No feelings, emotions, speculation. The cycle allows you to measure performance immediately, as something done. In fact, the cycle instills a work-based work culture.

2. Continuous learning.
It is important to understand that each product is unique, each audience is capricious, and what works in one company may not work in another. Multiple advantage is possible when you do not copy someone else's model, but create your own, unique one.

The cycle allows you to accumulate unique knowledge within the team. Each new hypothesis contains the accumulated experience of all
tested

In hopox, the HADI cycle is used (Hypothesis - Action - Data - Insights) - this is the simplest algorithm for cyclically testing ideas - from hypothesis, through action, to data and conclusions.

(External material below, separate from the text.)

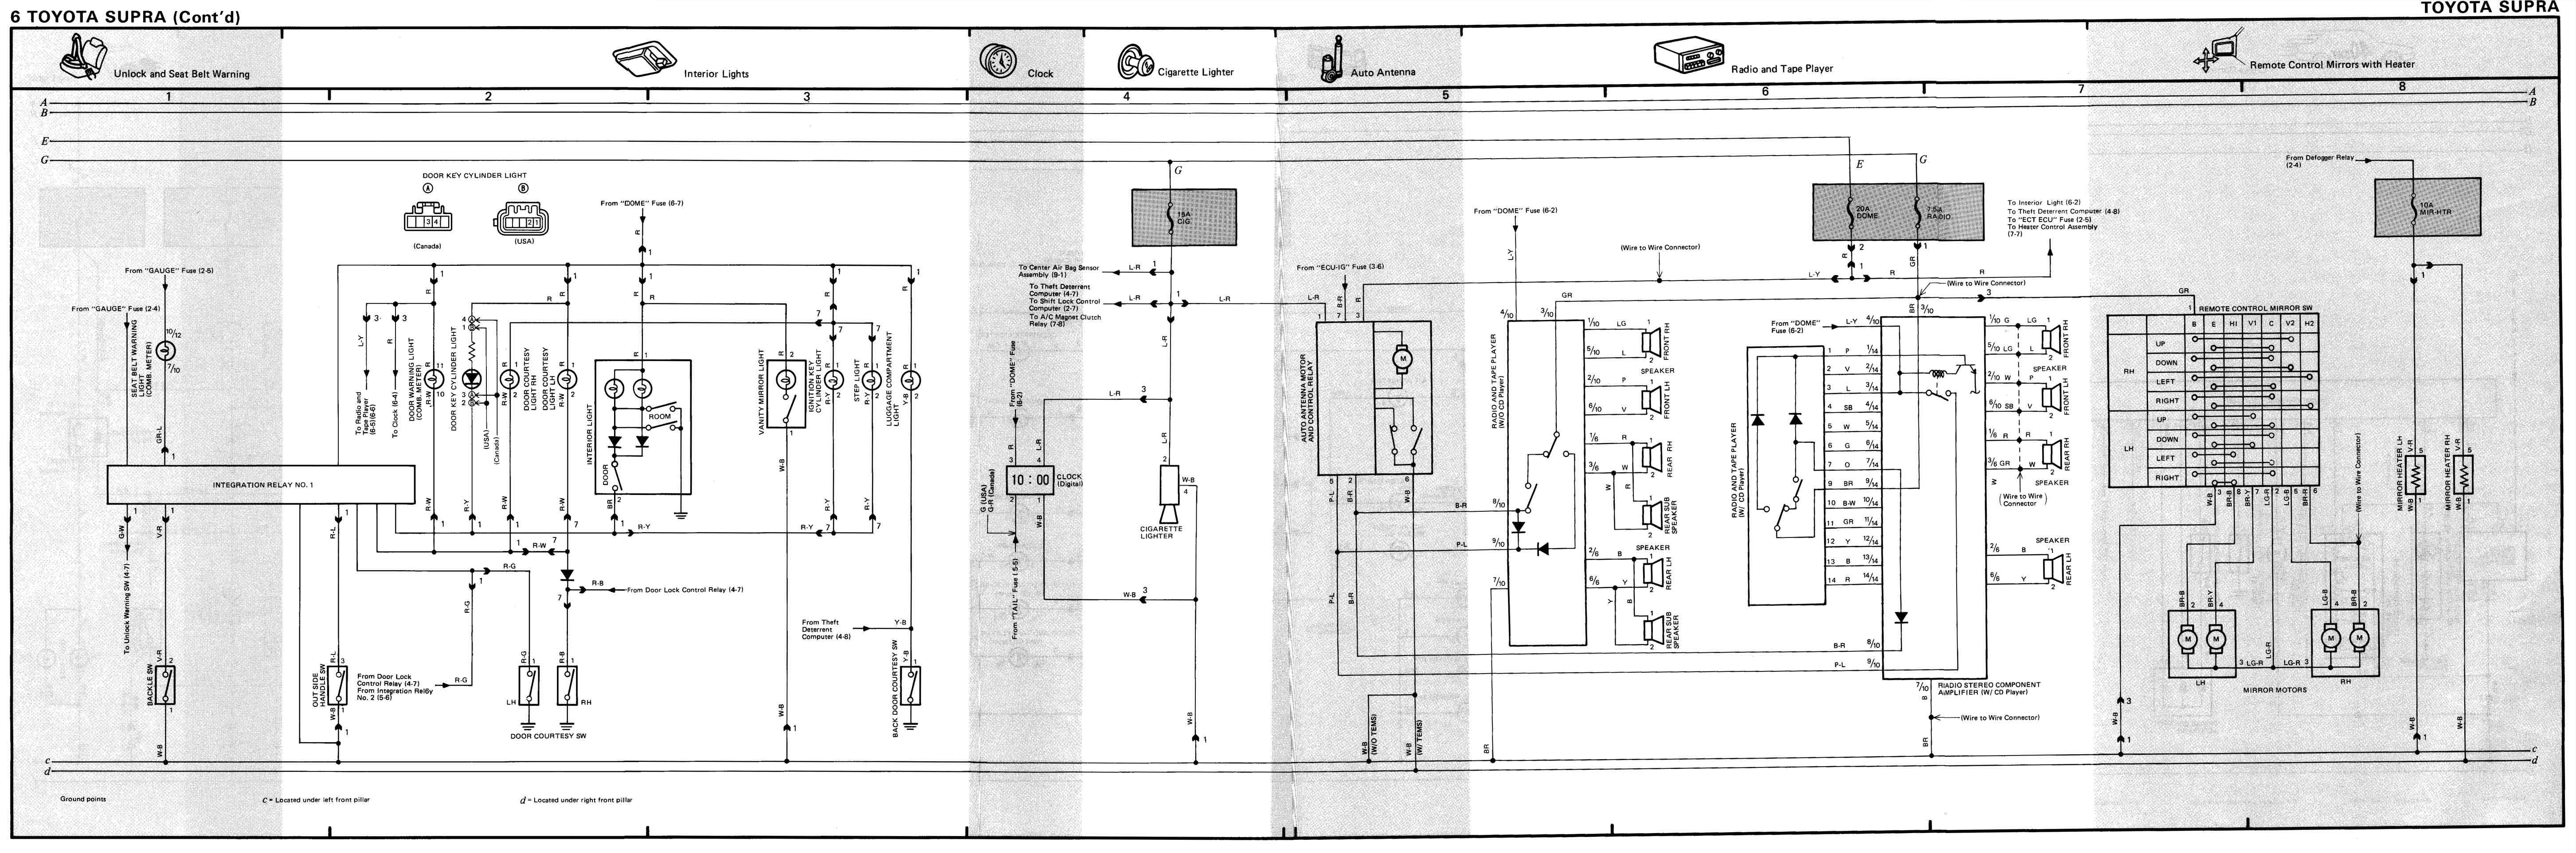 Excellent 87 Supra Vacuum Diagram Wiring Schematic General Wiring Diagram Data Wiring Cloud Domeilariaidewilluminateatxorg

The management cycle begins with the formulation of a hypothesis (Hypothesis) according to the principle “if ... then ...”. At the second stage, it is necessary to carry out a series of works to launch an experiment (Action), then collect data for a given period (Data) and finally make an unambiguous conclusion whether the hypothesis was successful, what can be improved by running the next Insights cycle.

Homework:
1. Create a project in hopox
2. Add the whole team to the project
3. Create one simple experiment in hopox, which is easy to check in one week. Just take one task that you already wanted to do this week, only now do it in the form of a hypothesis indicating the result in numbers.